[WHAT THE EXERCISE ASKS]
When copying the listing below, skip every picture and keep each word as it stands.

[INFORMATION SHOWN]
○ ○ ○ ○ ○ ○ ○

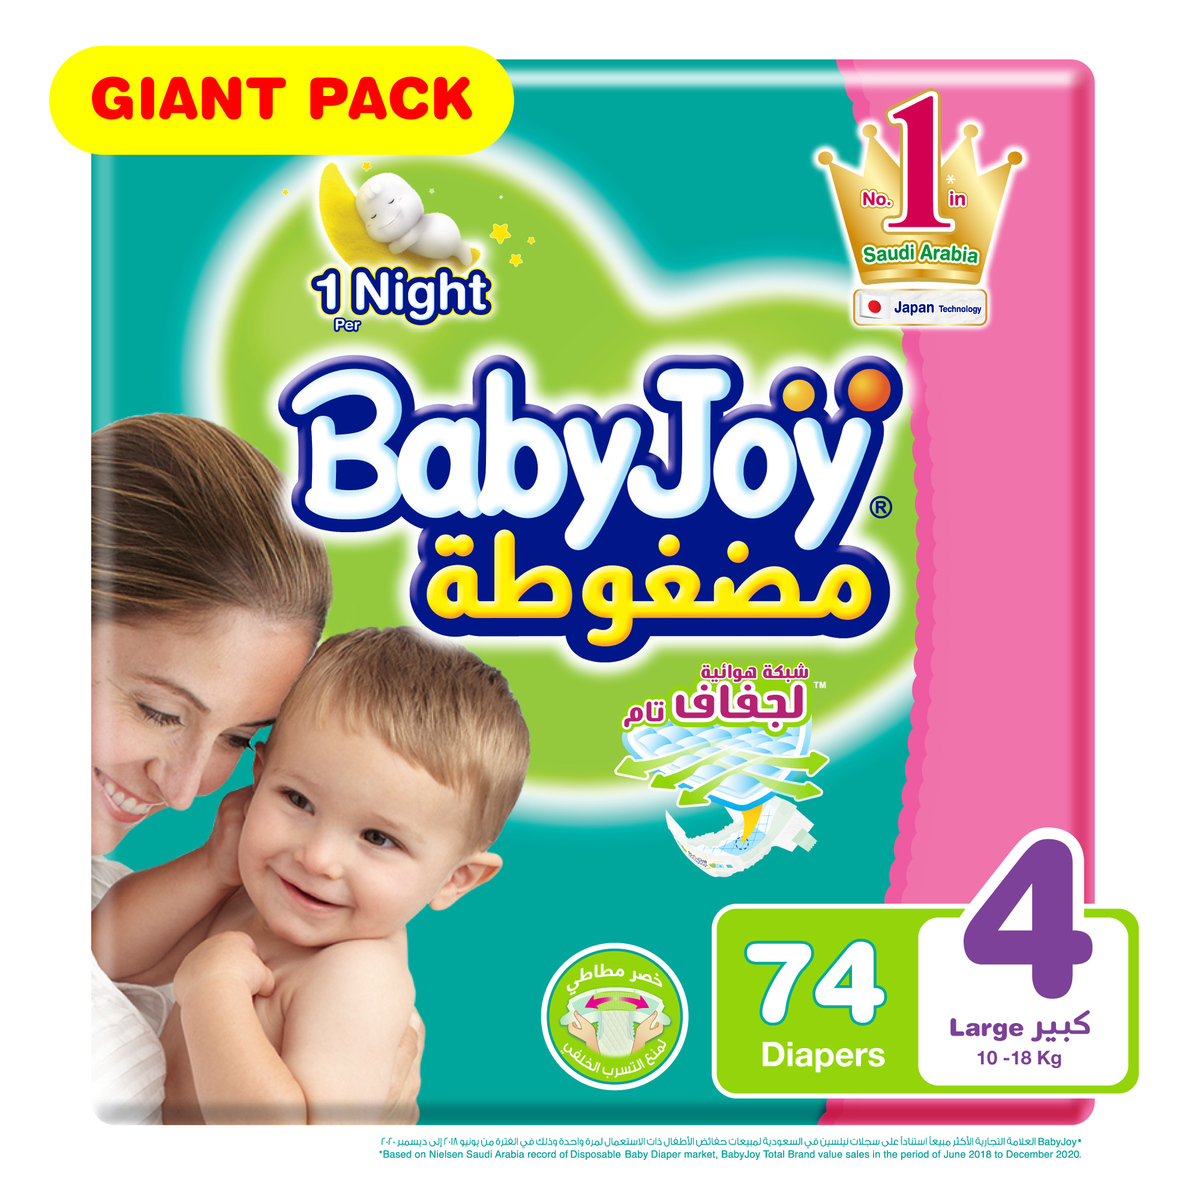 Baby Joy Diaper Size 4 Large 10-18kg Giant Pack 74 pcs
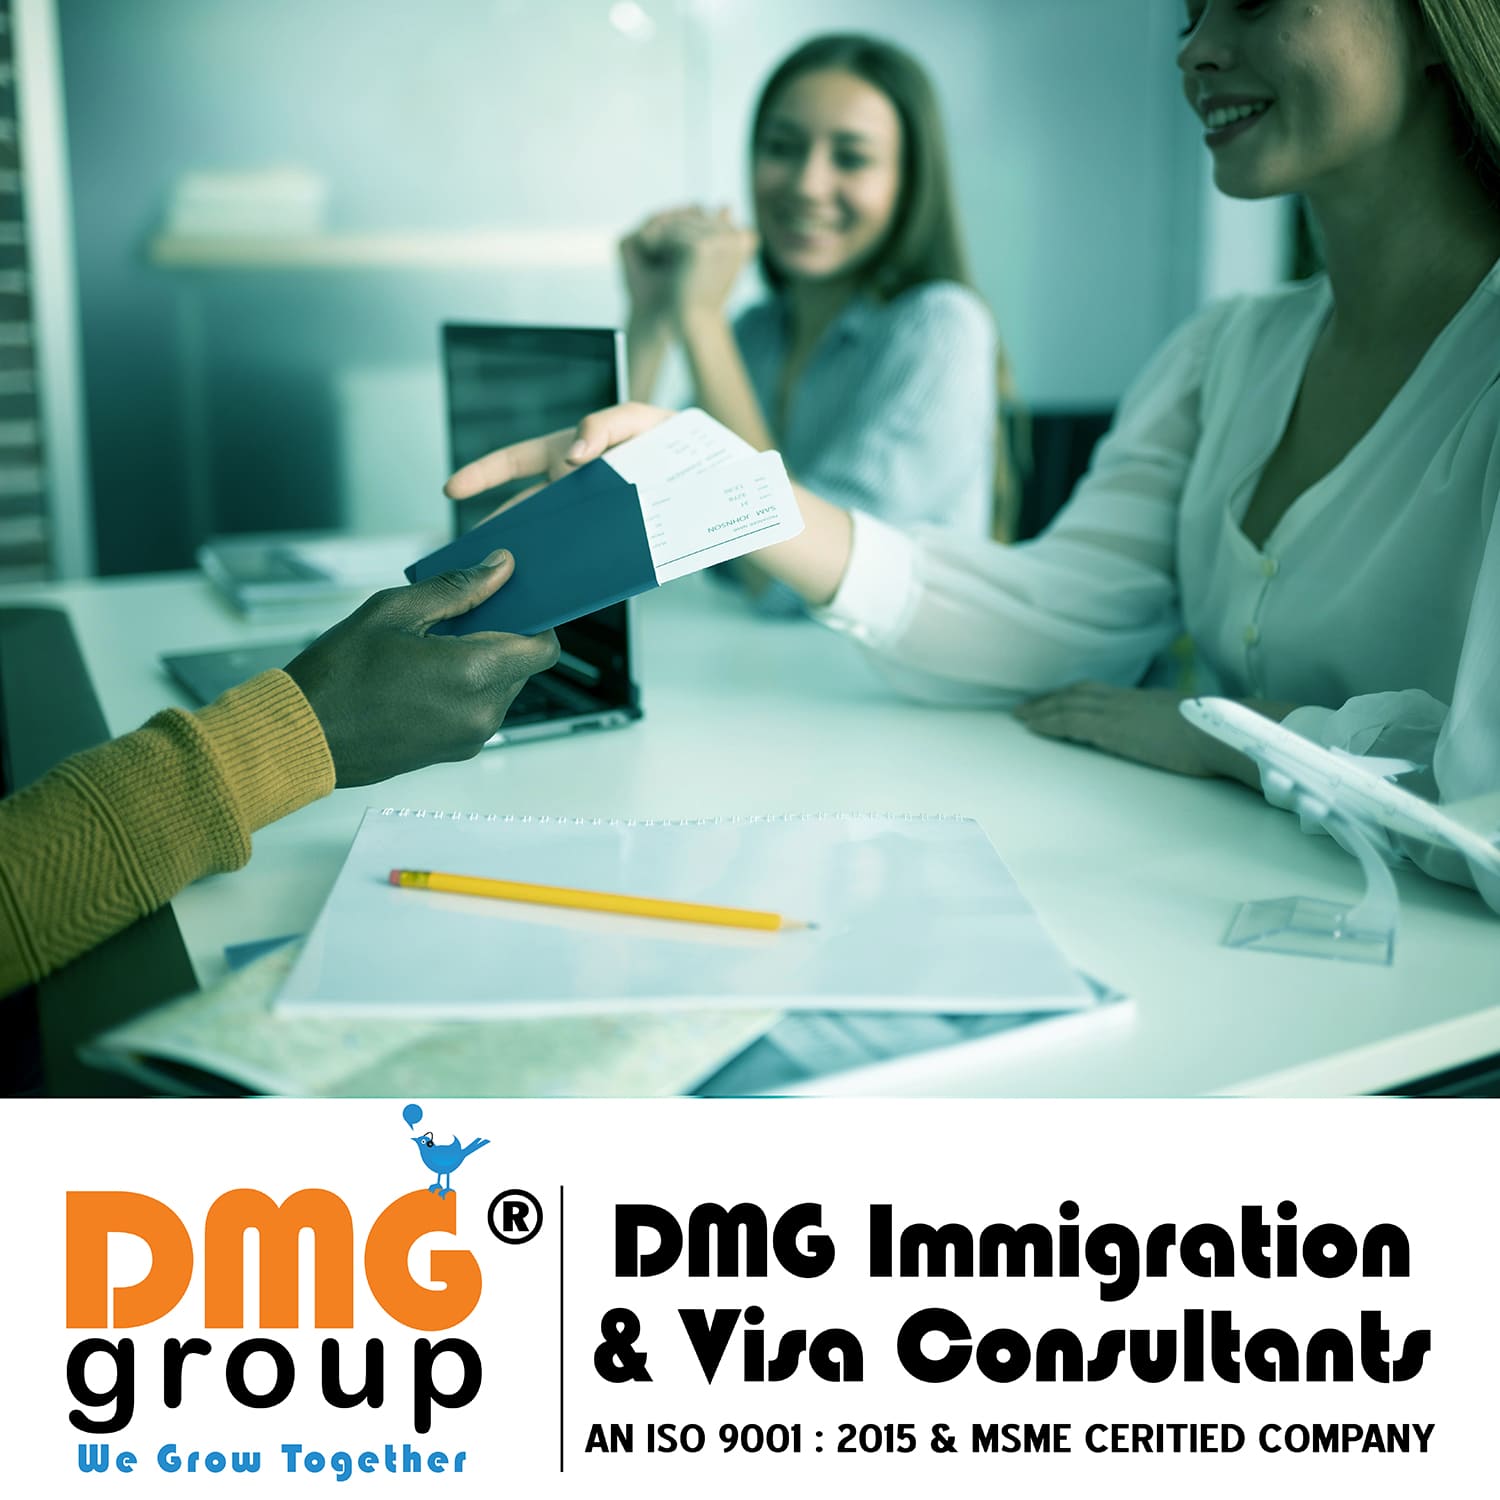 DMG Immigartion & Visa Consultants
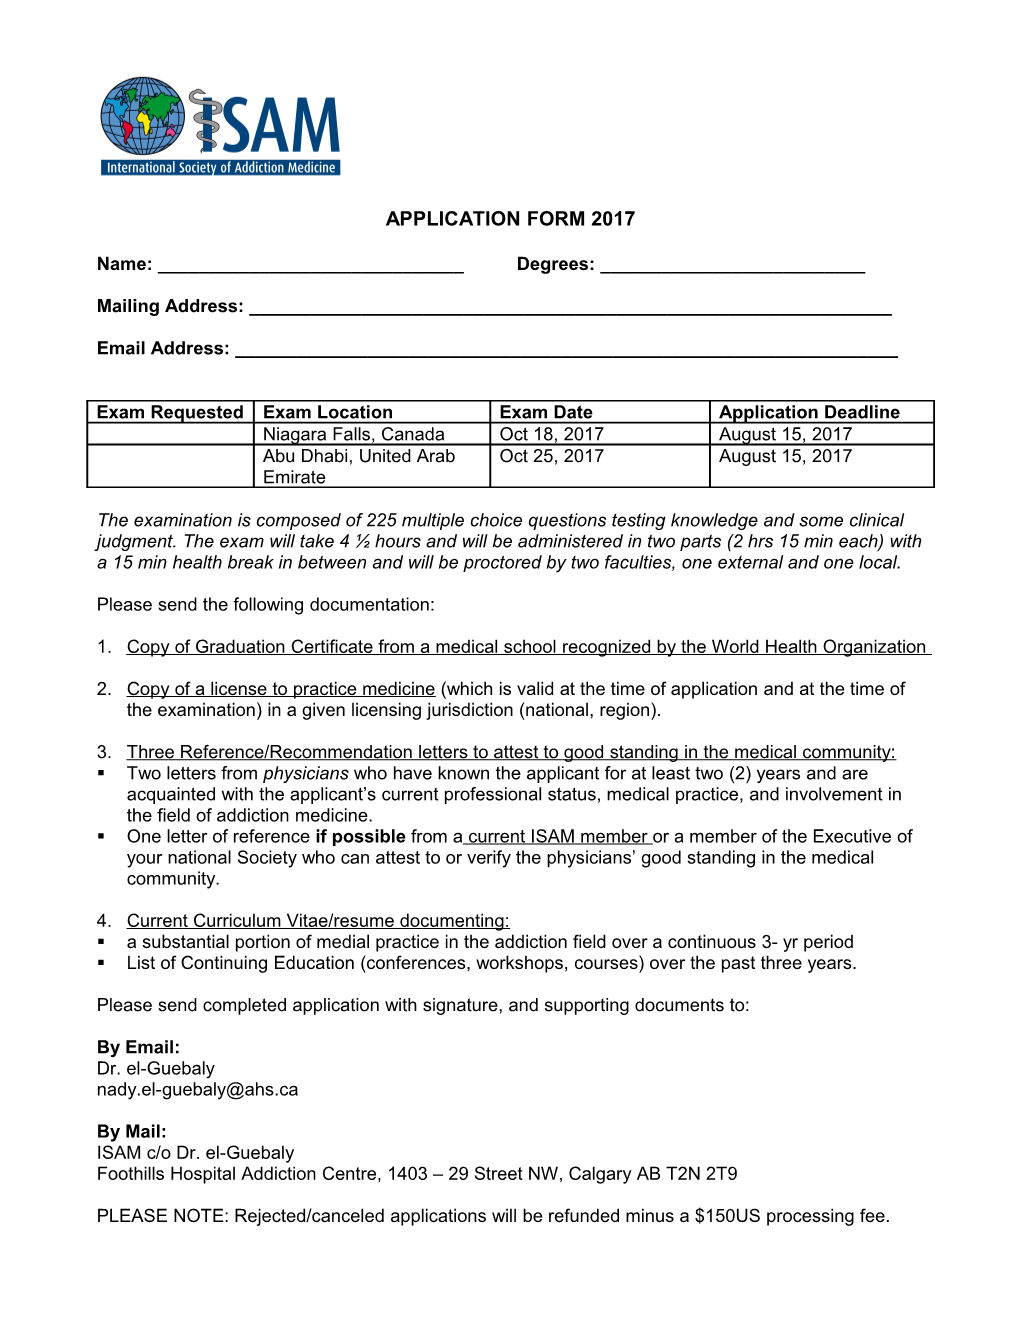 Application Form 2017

○ ○ ○ ○ ○ ○ ○

[RESPONSE AREA]
 Baby Joy Diaper Size 4 Large 10-18kg Giant Pack 74 pcs
 DMG Immigartion & Visa Consultants
 Application Form 2017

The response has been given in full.